BEGIN Given information

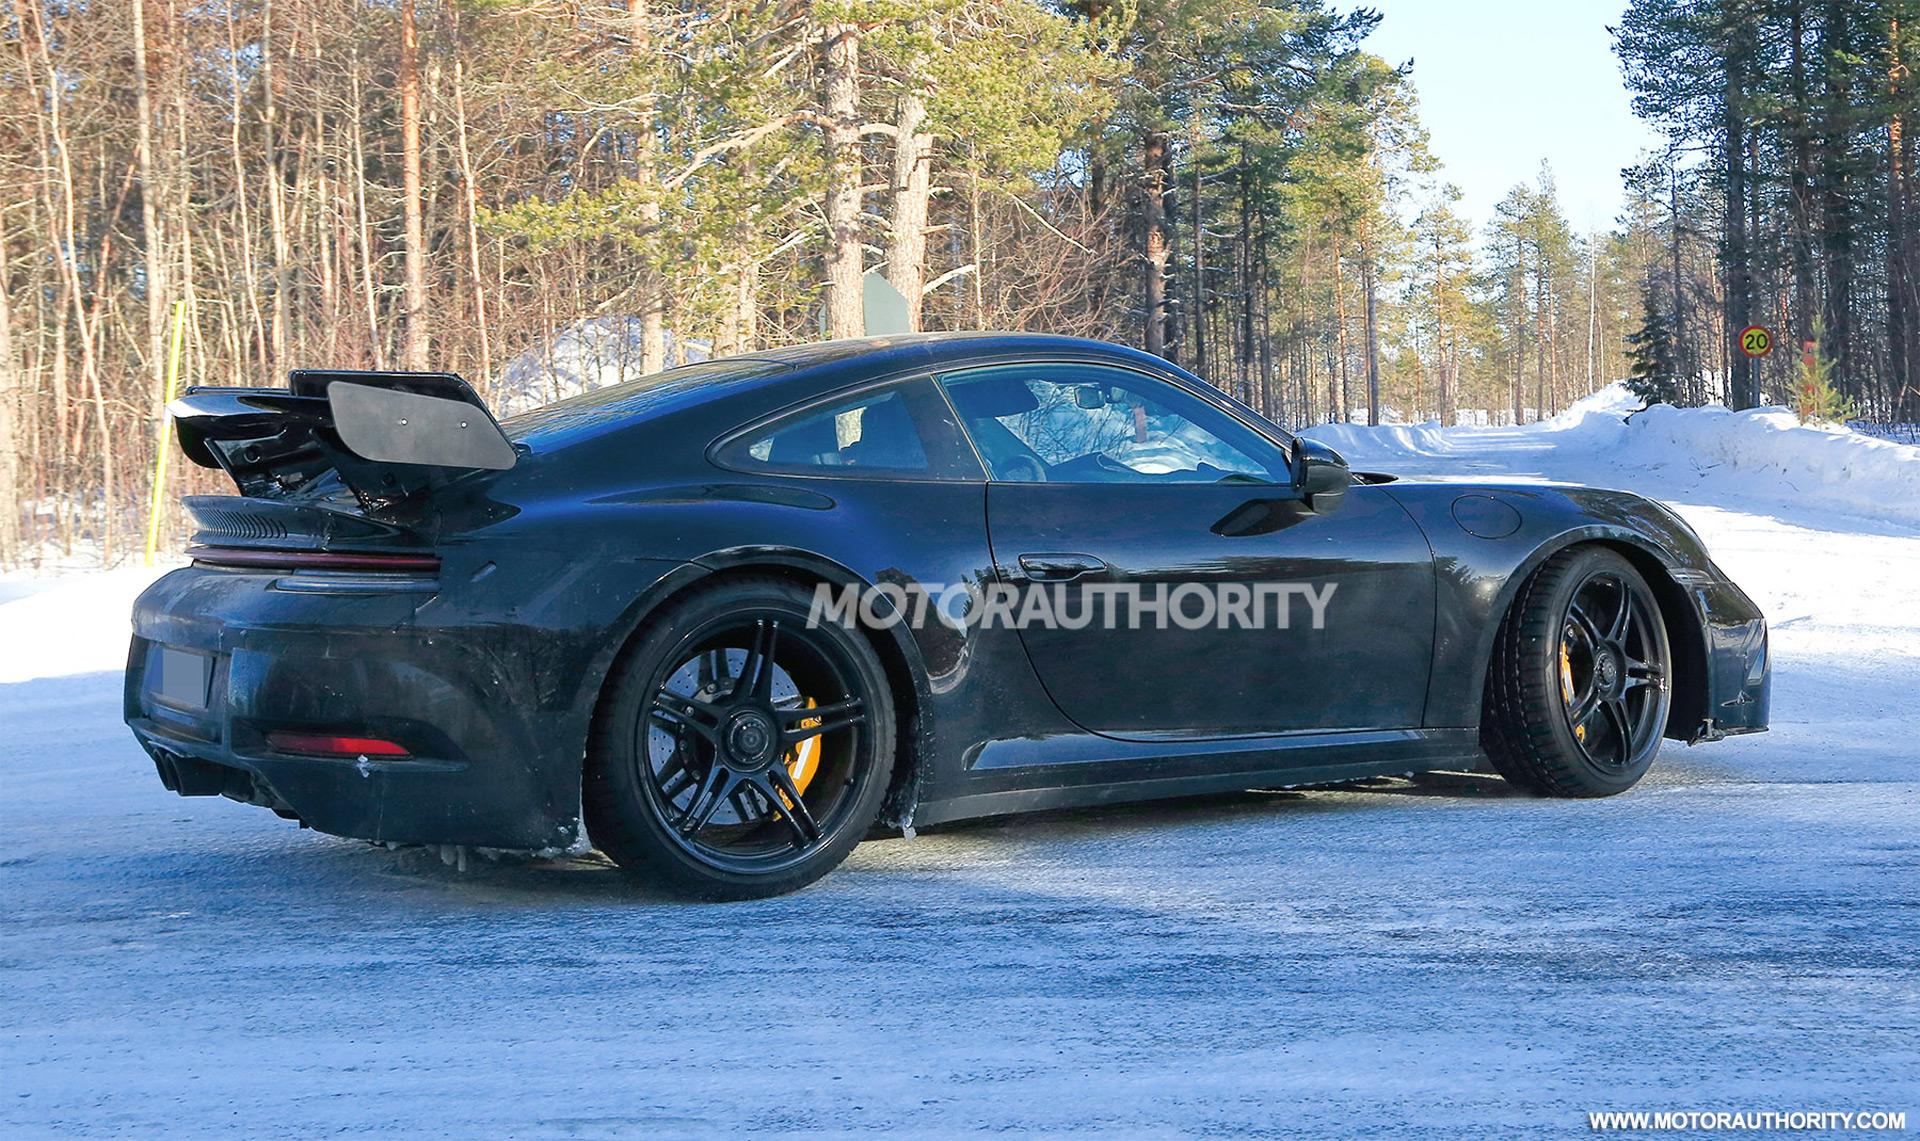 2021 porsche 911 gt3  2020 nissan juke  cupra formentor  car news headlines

END Given information
BEGIN Given information

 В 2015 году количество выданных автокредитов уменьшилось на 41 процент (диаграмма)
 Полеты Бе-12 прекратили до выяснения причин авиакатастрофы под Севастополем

END Given information
BEGIN Given information

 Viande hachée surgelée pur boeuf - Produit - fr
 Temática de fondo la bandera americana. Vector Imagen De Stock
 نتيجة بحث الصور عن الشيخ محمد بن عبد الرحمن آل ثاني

END Given information

◆ **The problem**
Could you set down, word for word, only the lines above from the line with "Temática de fondo" to the line with "نتيجة بحث الصور", including both?

◆ **Completed exercise**
 Temática de fondo la bandera americana. Vector Imagen De Stock
 نتيجة بحث الصور عن الشيخ محمد بن عبد الرحمن آل ثاني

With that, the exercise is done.